A new biography of our 32nd president (“Franklin D. Roosevelt, A Political Life,” by Robert Dallek), offers us a portrait of a statesman who devoted his life to his country and whose record of service can inspire and instruct us still.
In his fourth inaugural address, on Jan. 20, 1945, FDR summed up his decade-long battle with the isolationists and America Firsters of his era. We have learned, he said, “that we must live as men, not ostriches, nor as dogs in the manger. We have learned to be citizens of the world, members of the human community.”
Roosevelt’s answer to those who thought we could sit out World War II is quite pertinent to the issues of our day; he’d think climate-change deniers had their heads in the sand, for example, and would argue that the United States both contributed greatly to the problem and has a huge stake in helping redress it.
‘We cannot live alone, at peace’
In that same inaugural speech, Roosevelt was making the case that the United States must continue to be engaged abroad to help prevent another disastrous conflagration: “We have learned lessons – at a fearful cost – and we shall profit from them. We have learned that we cannot live alone, at peace; that our well-being is dependent of other nations far away.”
Roosevelt was pleading for collective security rather than a go-it-alone or retreat-behind-the-moats approach. This concept became the basis for American leadership that ushered in a period of unprecedented peace and prosperity for the United States and Canada as well as Europe.
The North Atlantic Treaty Organization (NATO), founded 70 years ago based on the commitment to collective security, has proven to be the most effective and respected political-military alliance in history; like the United Nations, NATO is essentially the realization of Roosevelt’s vision.
NATO has its flaws, no doubt, among them the sometimes reluctance of individual members to contribute their fair share to the common defense. Critics who dwell on such shortcomings might also note that Europe has taken in millions of refugees and migrants in recent years, severely straining national budgets. Since NATO grew out of recognition that our security could not be separated from Europe’s — a core truth that has not changed — the focus might better be on improving performance, rather than denigrating a hugely successful project.Roosevelt on economics
Roosevelt, of course, was not only our great wartime leader, but also the man who guided us through the Great Depression. On domestic matters, too, he has much to teach us. In his second inaugural address, in 1937, he said, “I see one-third of a nation ill-housed, ill-clad, ill-nourished. … The test of our progress is not whether we add more to the abundance of those who have much; it is whether we provide enough to those who have too little.”
We can well imagine what Roosevelt would think of “trickle down economics,” the fact that the richest 1 percent in our country have more wealth than the bottom 90 percent, that a half million Americans are homeless and that tens of millions of our fellow citizens live in poverty.
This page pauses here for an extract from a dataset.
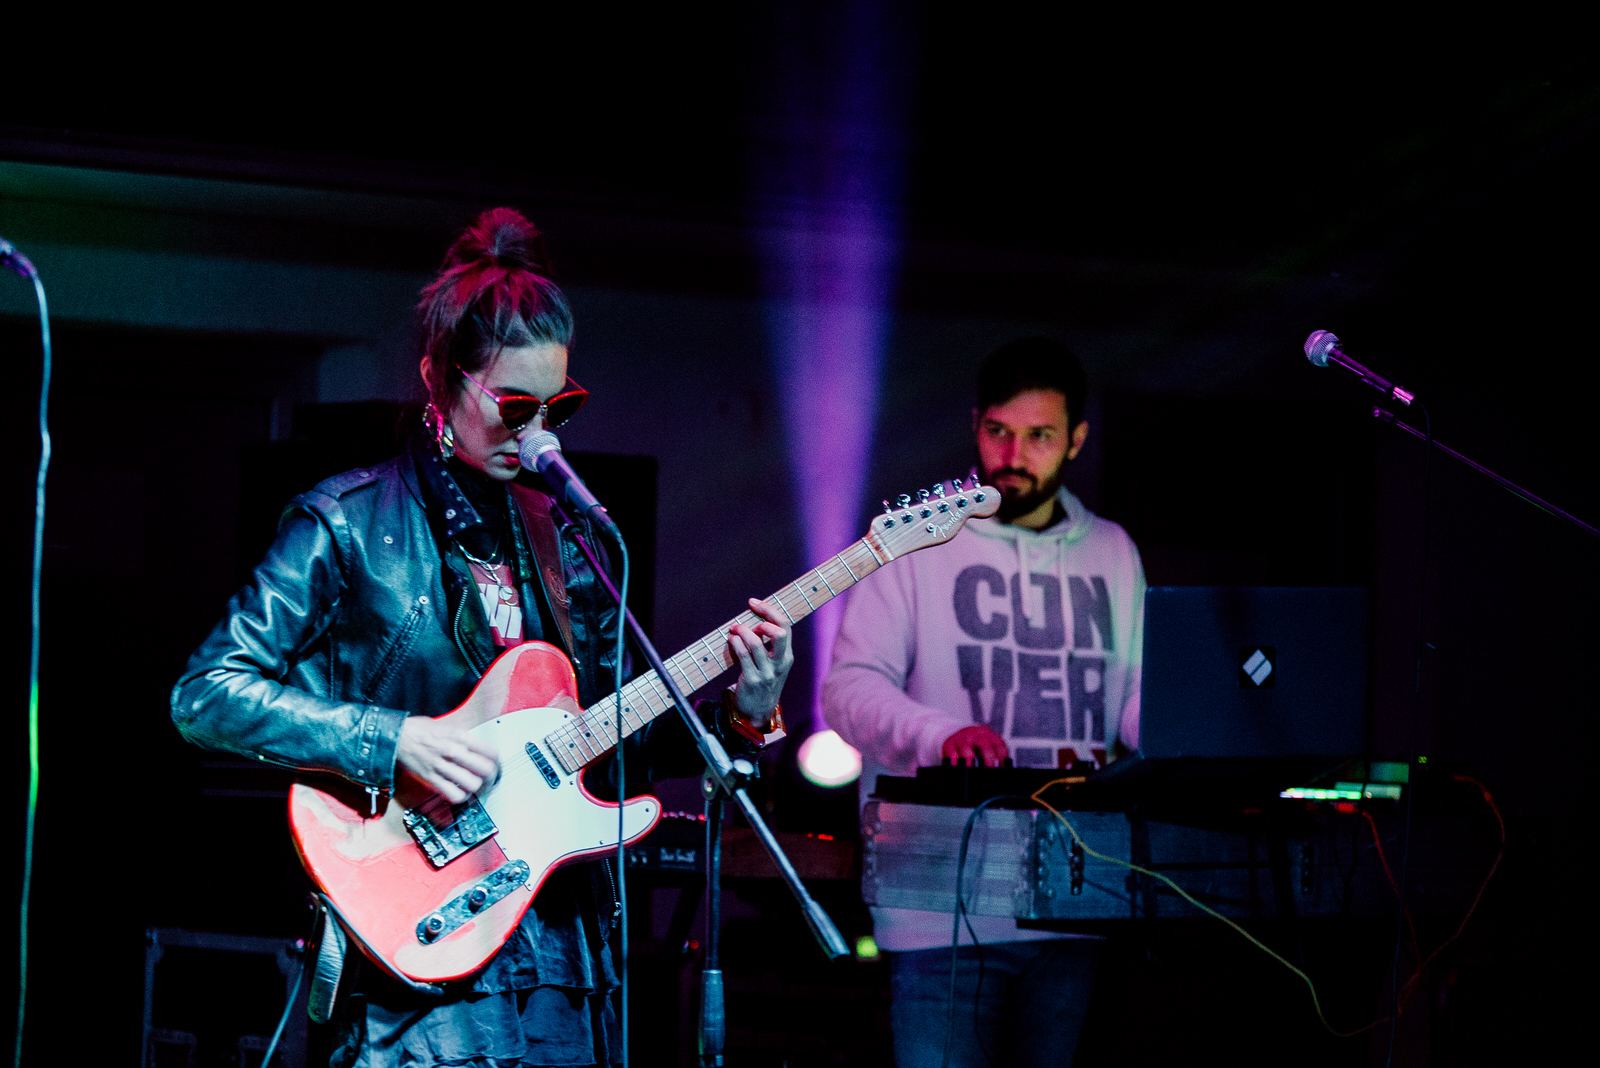 likaclub_grocks-2019_tbf-barbara-munjas-4

The man whose New Deal helped pull America out of economic misery would have been aghast at such inequities and determined to help correct them. He believed it was the job of government to “provide for the common welfare,” as our Constitution prescribes. For him, government was a necessary and significant part of the solution, not, per President Ronald Reagan, ”the problem.”
Roosevelt died on April 12, 1945, having exhausted himself in leading his country through some of the most perilous times in our history. Even while deathly ill, he braved severe war-time conditions to travel to Egypt, Iran and the USSR in pursuit of victory and peace. He put his country — not himself or his party or his ideology — first. Adolf Hitler, who died by suicide less than three weeks after Roosevelt’s death, showed a very different sort of example in leading his country and his Nazi party to disgrace and ruination.
Democracy and the rule of law
The cause: In his historic Gettysburg Address after one of the most decisive battles of our Civil War, Abraham Lincoln asked Americans to dedicate themselves to the cause for which the fallen “gave their last full measure of devotion.” That cause was democracy, the rule of law and representative government. As Lincoln put it, “government of the people, by the people, and for the people.”
This ideal, for which Roosevelt and Lincoln spoke so eloquently and fought so valiantly, is again being tested today, from within even more than from without. Whether this generation of Americans is up to the challenge — whether our nation can be true to the soaring vision of Lincoln and Roosevelt — remains an open question.
Dick Virden is a retired Senior Foreign Service Officer. He lives in Plymouth.